# Pigeon loft attached to garage?



## Mader631 (Sep 7, 2008)

thinking about getting into racing pigeons, I have a small town Lot, have room on the east side of my garage. Anyone out there have any Ideas of have tryed this? Loft attached to a garage. In my town I'm only allowed Pigeons & rabbits...............


----------



## Lovebirds (Sep 6, 2002)

Mader631 said:


> thinking about getting into racing pigeons, I have a small town Lot, have room on the east side of my garage. Anyone out there have any Ideas of have tryed this? Loft attached to a garage. In my town I'm only allowed Pigeons & rabbits...............
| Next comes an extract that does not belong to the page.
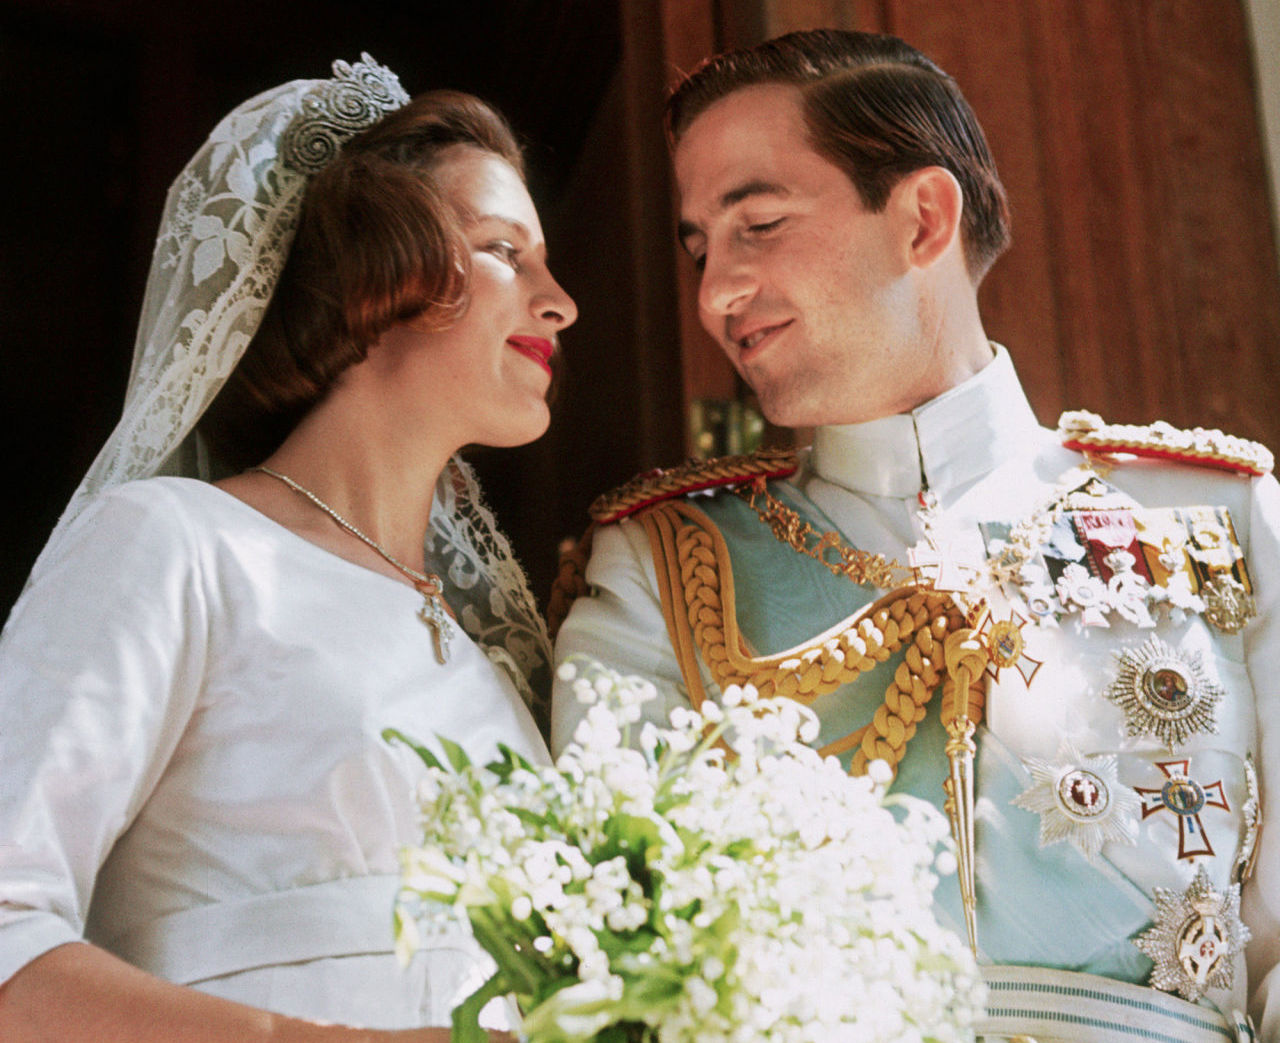 Σεπτέμβριος 1964: Ο ονειρεμένος γάμος του τέως βασιλιά Κωνσταντίνου και της Δανής πριγκίπισσας Άννας-Μαρίας (βίντεο)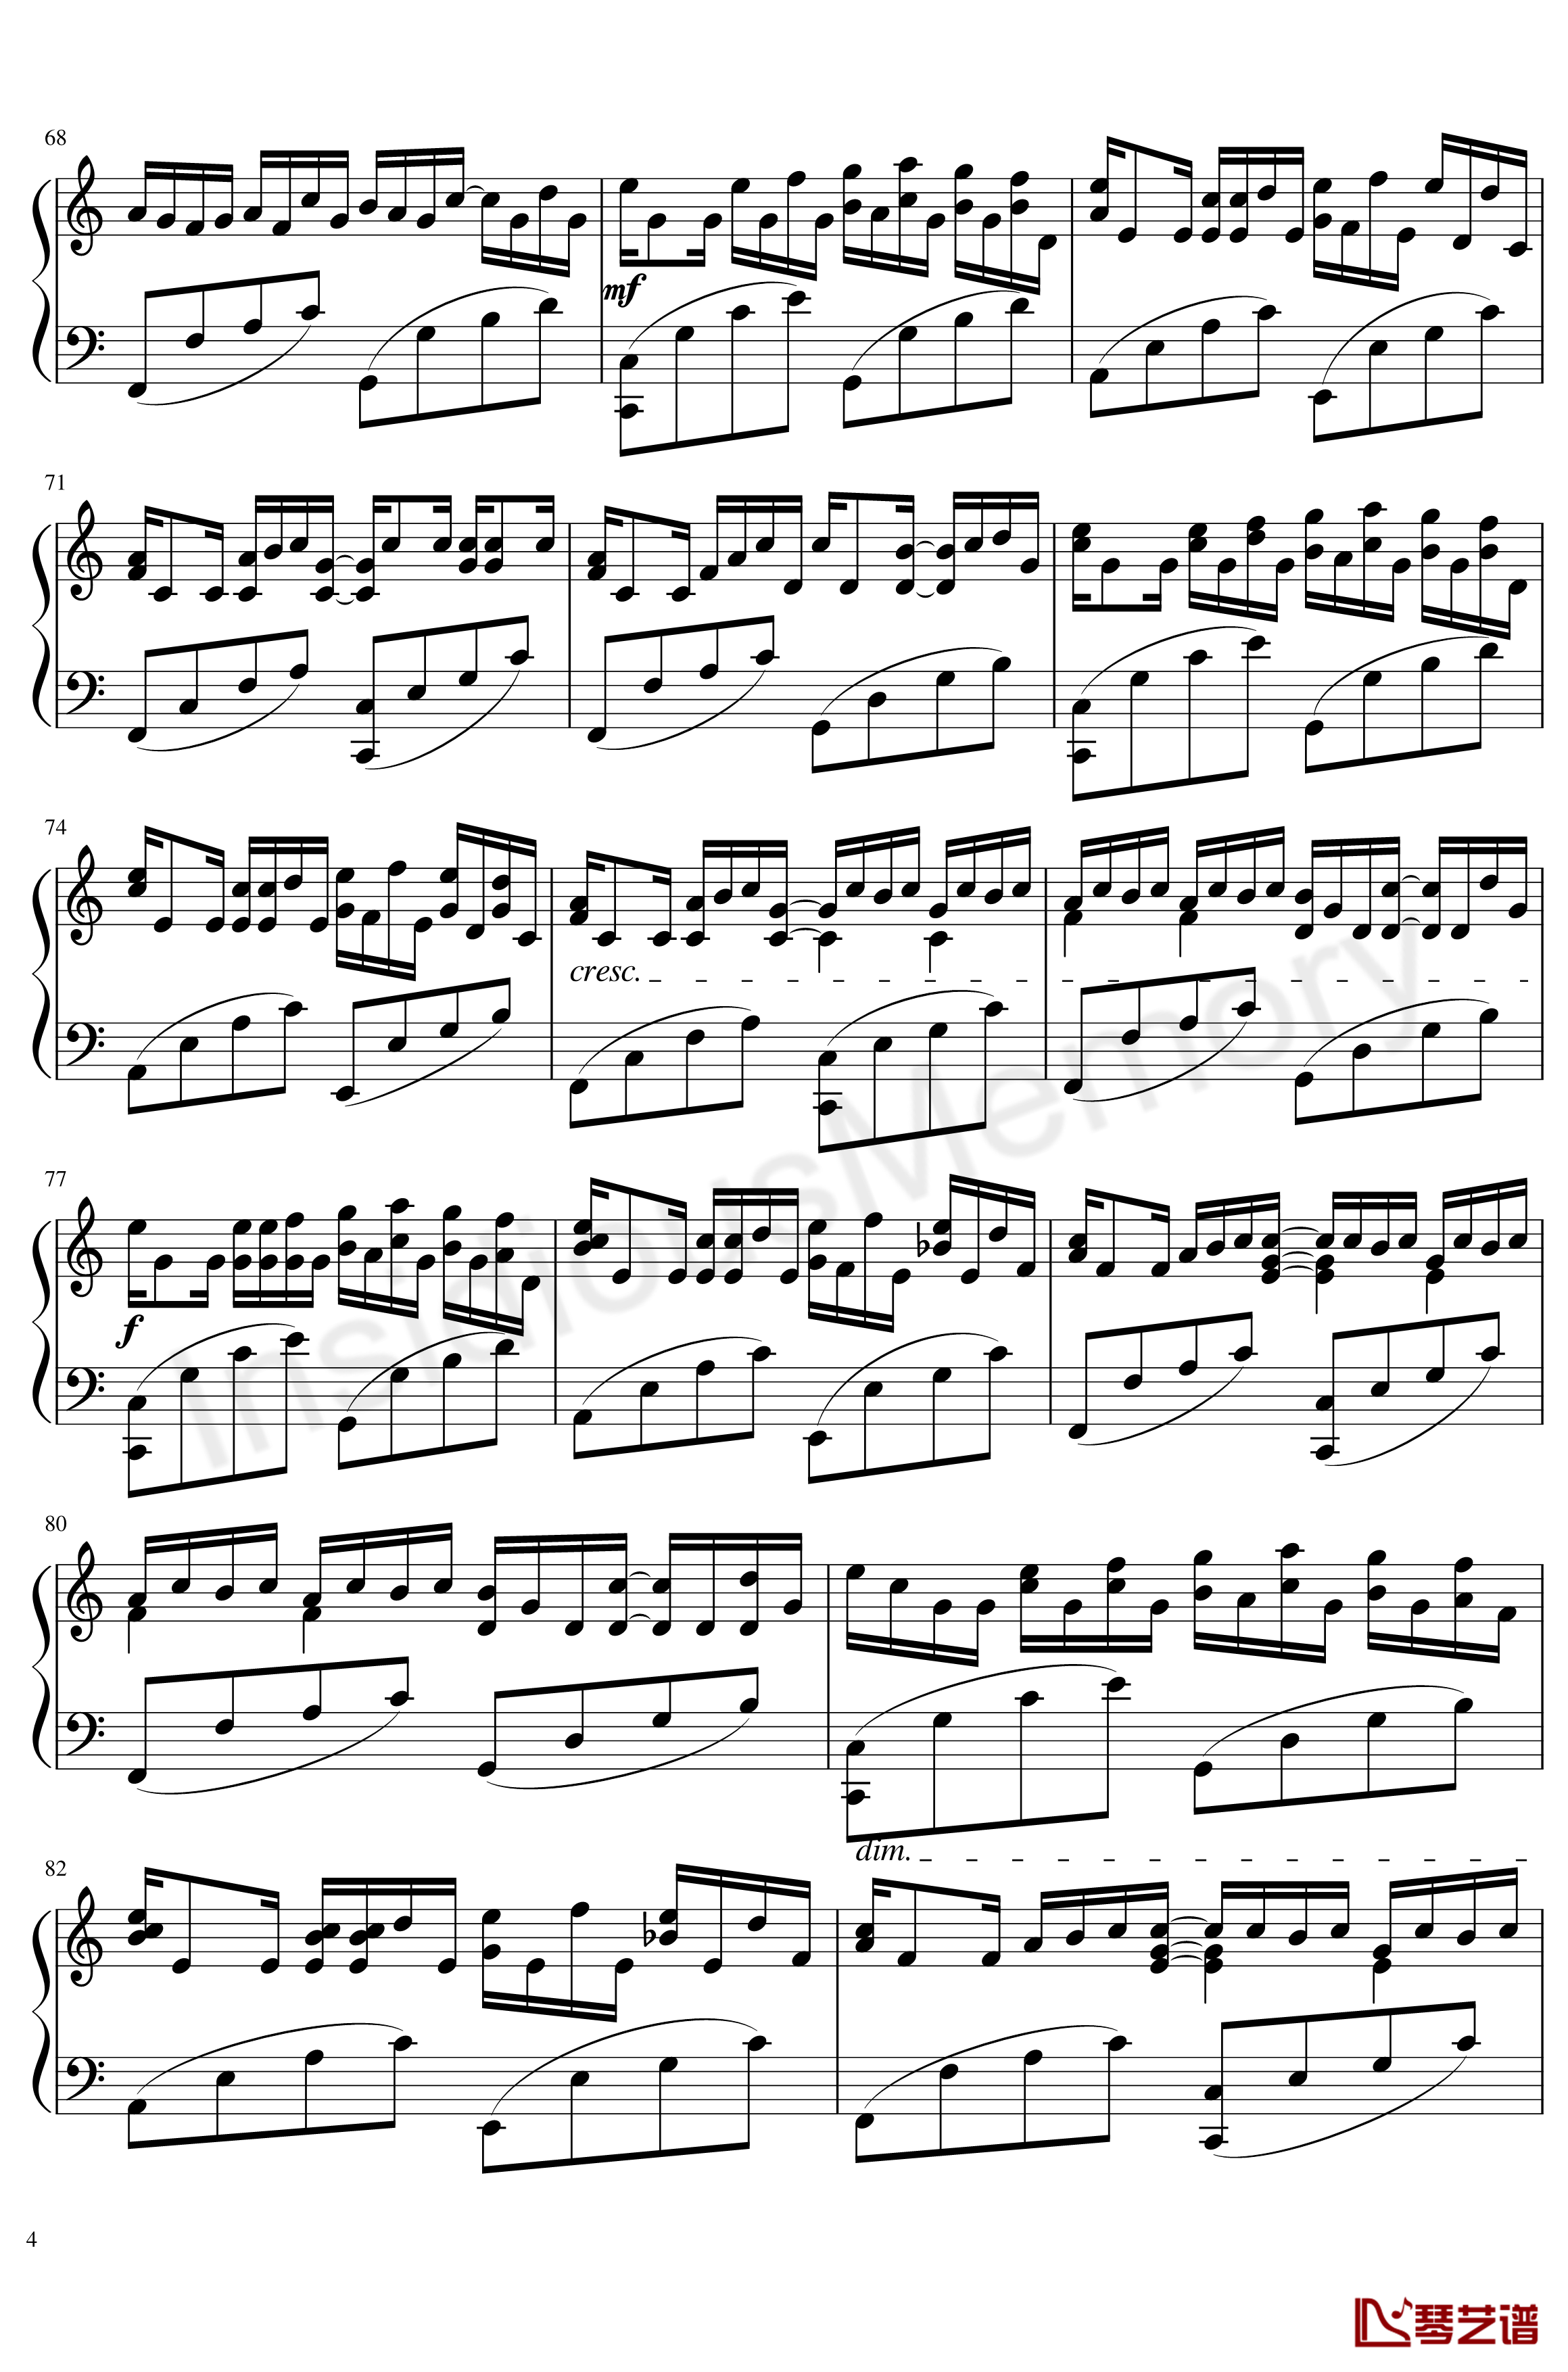 卡农变奏曲钢琴谱-Variations on the Canon-帕赫贝尔-Pachelbel4

How big could you build the loft? That's the question. Do you have room for breeders, young birds, old birds? Facing east isn't the best way to face a loft, but it would do as long as the loft gets some sun.


----------



## spirit wings (Mar 29, 2008)

Mader631 said:


> thinking about getting into racing pigeons, I have a small town Lot, have room on the east side of my garage. Anyone out there have any Ideas of have tryed this? Loft attached to a garage. In my town I'm only allowed Pigeons & rabbits...............


sounds good to me, if you can face the aviary so that it faces south that would be best. do you have any drawings to show?


----------



## RodSD (Oct 24, 2008)

Here in San Diego, we are not allowed to attached loft to a garage. And if we build a shed of certain size (more than 120 sq.feet roof area) and if electrical and plumbing are installed, we need a permit. Have you checked your ordinance? If your town only allows pigeons and rabbits, they may even more strict in their policy. This is not to discourage you.


----------